Have I mentioned my house is bit of a mess? Perhaps that I am less than a stellar house keeper? Have I lamented over the fact that there are exactly zero clutter-free spaces in my home?
I have? Oh yeah. I MUST have because my constant bitching and whining about it actually got me somewhere. It pays to be persistent when confessing your deepest embarrassments. Someone is bound to step out of the blogosphere and offer to put you out of your misery.
A few months ago, I blogged (read: kvetched) about how I can't hire a house keeper because my house is to big of a mess. I resolved to try to do a better job (I think I said something about going through my house once a week and throwing away 50 things? Oh my. Give me a second to control the giggling.) Well, what do you know, but the universe was laughing, too, knowing full well there wasn't a shot in hell I'd actually stick with that clearly reasonable and manageable plan. So, instead, it sent me Pam.
Pam reads mah blog. She likes to organize. She took pity on me (or on the poor child I'm raising amongst my squalor). She emailed me and said, "Hey, I might be able to help you!" And the clouds parted, the angels sang and in my mind's eye, I suddenly saw the possibility of a home worthy of the pages of a Pottery Barn catalog rather than the tornado-esque ruin of junk mail, sippy cups and random IKEA train track pieces that is my current living situation.

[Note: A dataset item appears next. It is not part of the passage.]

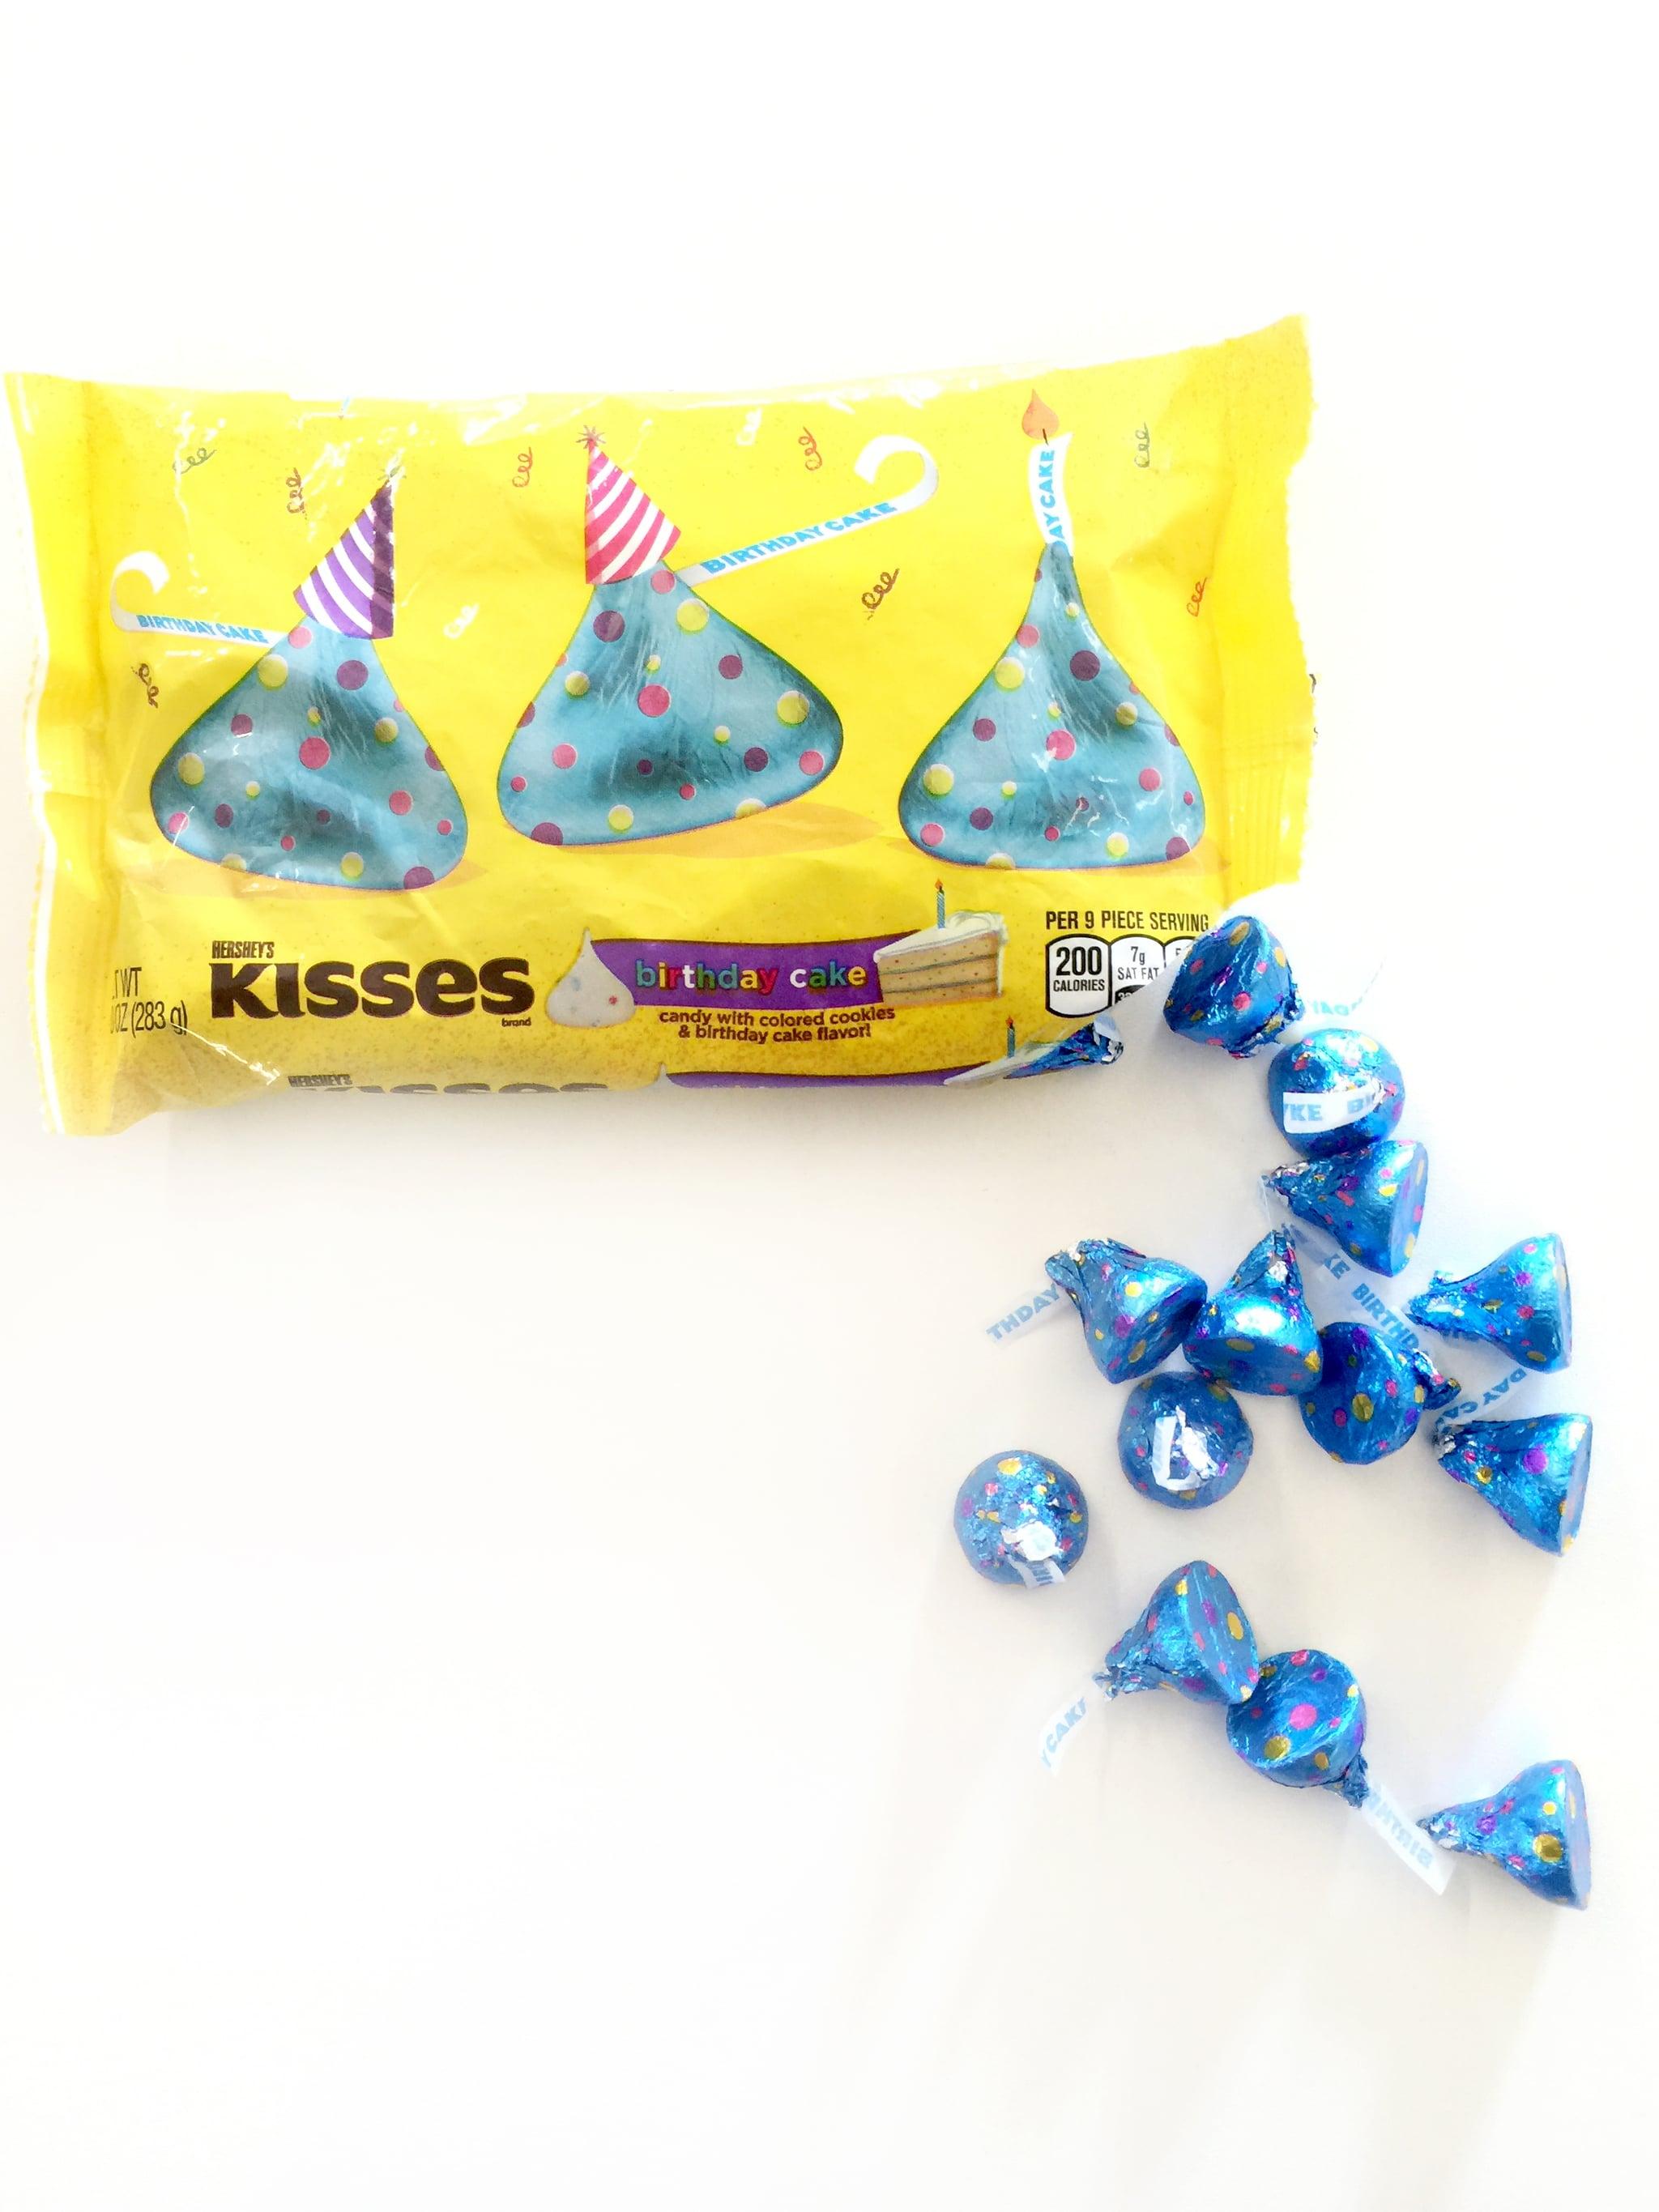 Hersheys Birthday Cake Kisses Review

Husband and I briefly discussed the possibility that this "Pam" person might be a big hairy ax murderer jockeying for a shot on the evening news. We thought maybe it wasn't a good idea. Then I opened a cabinet in the kitchen to get a pot for dinner and three pots (and their mismatched lids) fell onto my fragile little toes. That decided it for me. Big hairy ax murderer or not, Pam was going to help me get my life in order.
Much to our relief, Pam is nothing remotely like a big hairy ax murderer. She is indeed a completely pleasant and charmingly anal retentive, self-professed Type-A'er. Let me tell you, it is refreshing to have some of that energy in my house. We are not type-A'ers here. We could stand to be at least type-B or C'ers. But on an alphabetical scale of organizational compulsions, "A" being highest, we are in the "W, X, Y, and Z" range (which reminds me, Ethan pronounces the letter W, "dubya", apparently as an homage to our smartest president ever. I couldn't make this shit up). So anyway, having a bit of "A" in our home was a very, very good thing.
As Pam and I went through the downstairs and started sorting Ethan's toys, I had a momentary panic attack when I put the first toy in the "give away" pile and a slightly bigger panic attack when I put the first toy in the "throw away" pile. But I have to admit, two days later, I cannot remember what toys we gave away and what we threw away; I just know that I can see the floor under my dining room table again (again, more clouds parting and angels singing, please). I also realized with her help that one child doesn't necessarily need 12 balls in the house at one time. Yes, sadly, I needed help to come to that epiphany.
Once the toy collection was pared down, we moved to the kitchen. Turns out, I have no idea how to organize a cabinet. Who knew those things don't just take care of themselves.
Let me take a moment to try to explain the embarrassment of opening up one of your kitchen cabinets and realizing that the outside of your crock pot, which is leaning precariously atop a variety of baking pans and pot lids, needs a serious scrubbing. How the hell did it get like that? I swear it was clean when I put it away. Or maybe it wasn't, as I'm not likely to believe that little grease elves snuck into my cabinets in the still of the night and rubbed themselves up against the crock pot. I wish that were the case, believe me. But no, I'm just a slob. My apologies to anyone who has eaten at my house before; I hope you didn't get sick. And if you did, thank you for not being litigious.
That is probably the biggest lesson I learned on Saturday. I have spent years living under the delusion that my home was clean, albeit cluttered. On Saturday I learned, much to my abject mortification (and in front of another person, no less) that one's house can't really be clean if it is as cluttered as mine is. The dust-bunnies that we unearthed in the dining room (and deargod, don't even ask about the bed room) make me grateful my child hasn't become an asthmatic mess.
By the time we got through the downstairs, I was feeling a bit overwhelmed, so when we went through the upstairs, we limited our work to making a list of what I have to do to get each room into a state of livable organization. I still have lots of work to do before my house isn't a total disaster area, but I feel like I can handle it.
So now I know---if you let the universe (read: blogosphere) know what you need, help does come to you, and offers to alphabetize your spice drawer (which we decided was a moot point since Ethan redesigns the spice drawer on a daily basis).